You can now submit queries to identify the nearest neighbor of any given object. You can query a new object by entering its values into the available fields, or select an existing object by selecting the folder with your data in the “Choose your folder” dropdown and clicking the “Fill Query Fields” button next to the object.
Let’s generate a query and see Leliel in action!
Populate the fields with the object whose nearest neighbors you want to find and click “Execute Query”.
The results will immediately appear in the area above the “Execute Query” button.
The first value is the classification.
The second value is the “energy” score of the classification, from 0 – 2, higher being better. This is a measure of the distance between the target object and the identified nearest neighbors.
The third value is Leliel’s confidence in the result, again on a 0 – 2 scale.

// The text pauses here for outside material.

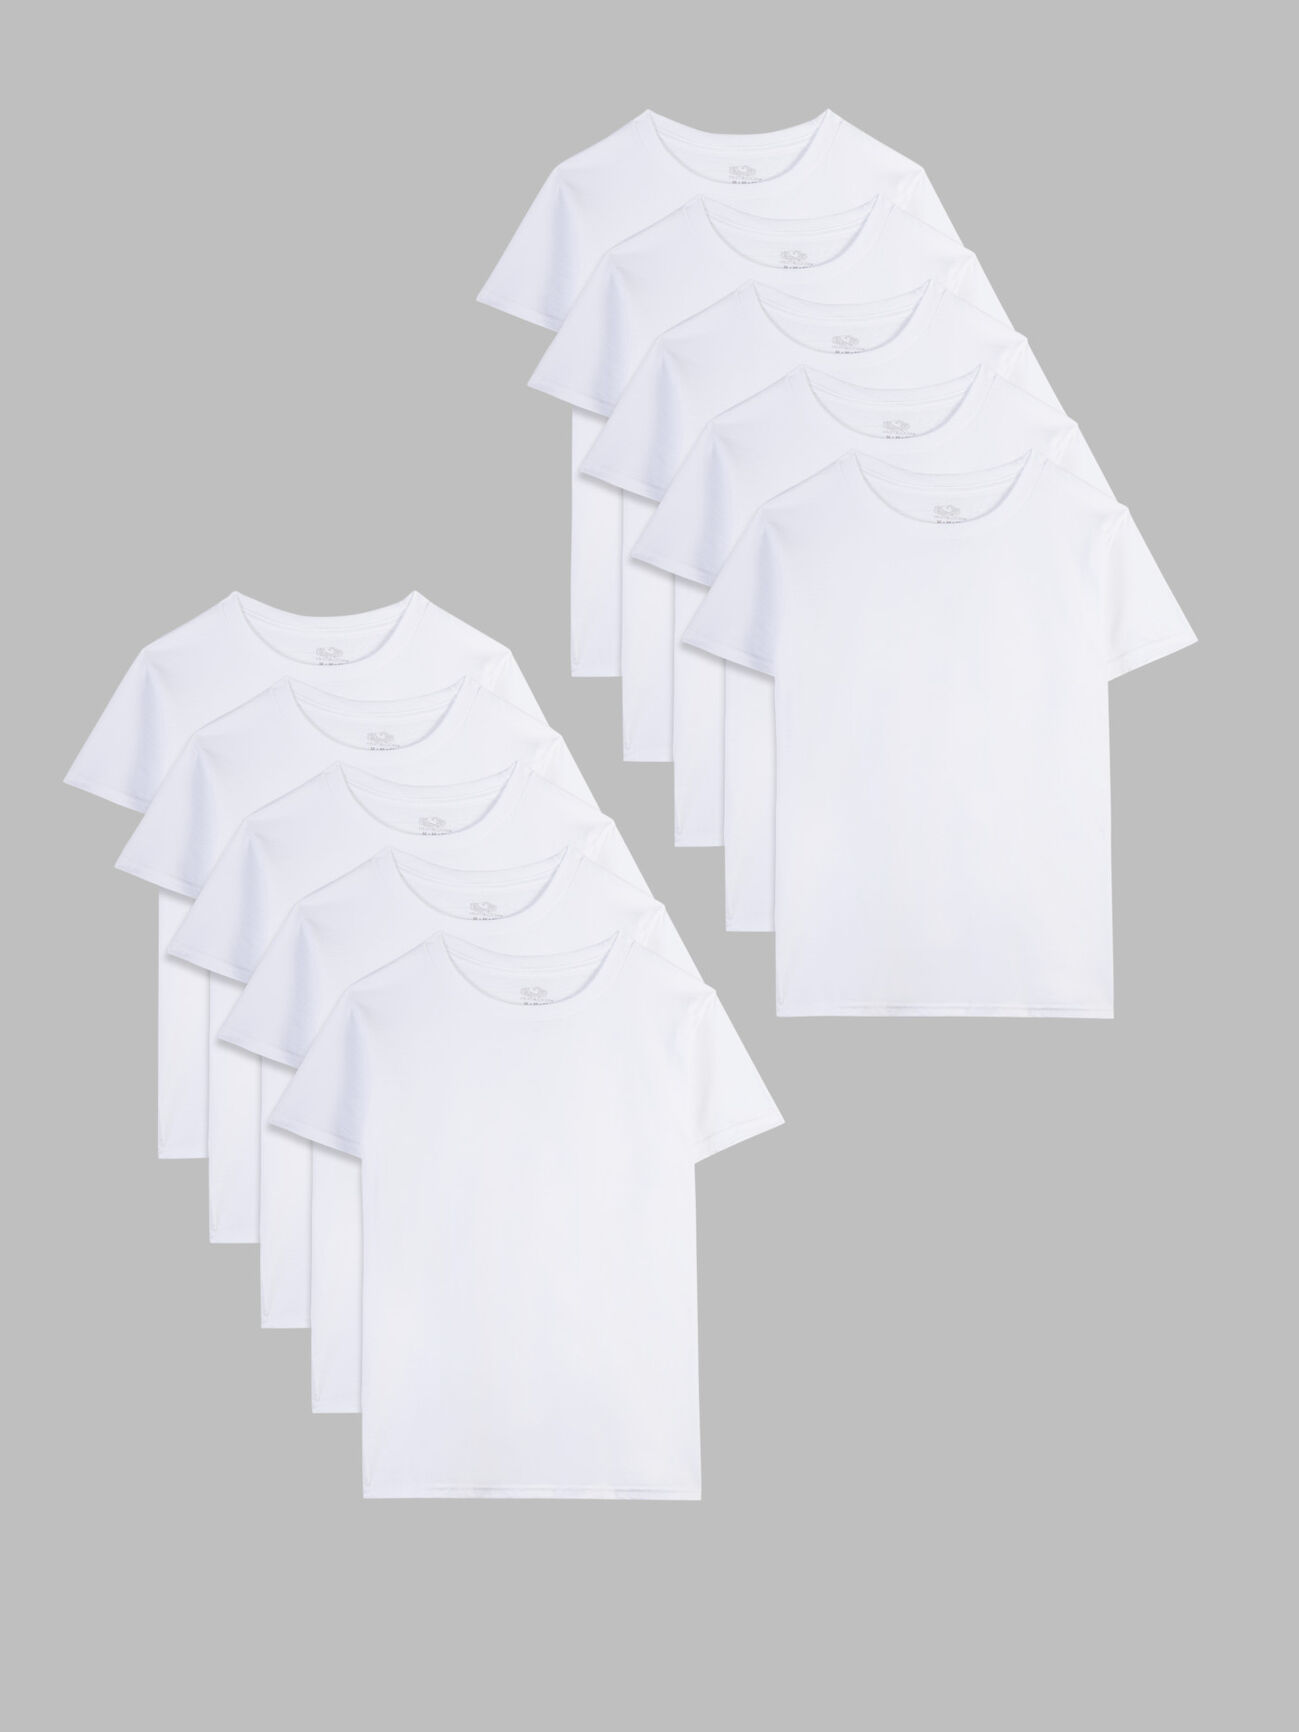 Toddler Boys' Classic White Crew T-Shirts, 10 Pack

This is based on how the identified nearest neighbors are classified.
The final value is the probability that the specified class is correct amongst the returned classes. (If there are multiple likely classes Leliel will suggest each and present their respective probabilities.)
Leliel doesn’t just provide results in the form of raw numbers, it also shows you how those numbers are generated by displaying the nearest neighbors to your query.
This information is presented just below the results section. To use this function, first select which classification you want to see. In our example we only have one classification available since Leliel was so confident in the results.
Leliel then presents the columns that were most important to determining the classification.
You can then select from the objects which were identified as the nearest neighbors to the query and see how they compare.
Testing and Optimizing Leliel
So how accurate is the Angel that we made? And how can we optimize an Angel to get the most accurate results? To answer these questions we use Fold Experiments and Grids.
Fold Experiments are a method of testing the accuracy of your Angel. They test portions of your data and report the Angels accuracy at various confidence levels.
Grids are multiple Fold Experiments, each run with a varied Angel Specifications set. You can use a Grid to find the ideal Angel Specifications for your classifier.
See the Grids And Fold Experiments Tutorial to learn how to apply these features to your Leliel Angel.
Leliel also accepts batch queries. A Leliel batch query takes a csv file containing unclassified objects and returns a csv file with those objects classified in the same result, score, confidence, class probability format as a standard query.
To run a batch query, select “Batch Query” from the “Angel Actions” dropdown next to the Angel on the “Your Angels” page.
Select the folder containing the file you wish to run a batch query on, name your output file, and specify an output folder. Then select “Execute Query”.
The status of your batch execution is visible at the bottom of the page. When the status is marked “Completed”, click the “Download Results” button to download the results.
Leliel is simMachines’ classification Angel; it assigns tags or labels to an object based on its characteristics. Built on the Ramiel k-nearest neighbor engine, Leliel predicts the value for an unknown vector in a queried object by identifying the most similar objects with known values for that vector. In addition to its unmatched performance, Leliel provides powerful optimization and accountability tools unseen on other platforms.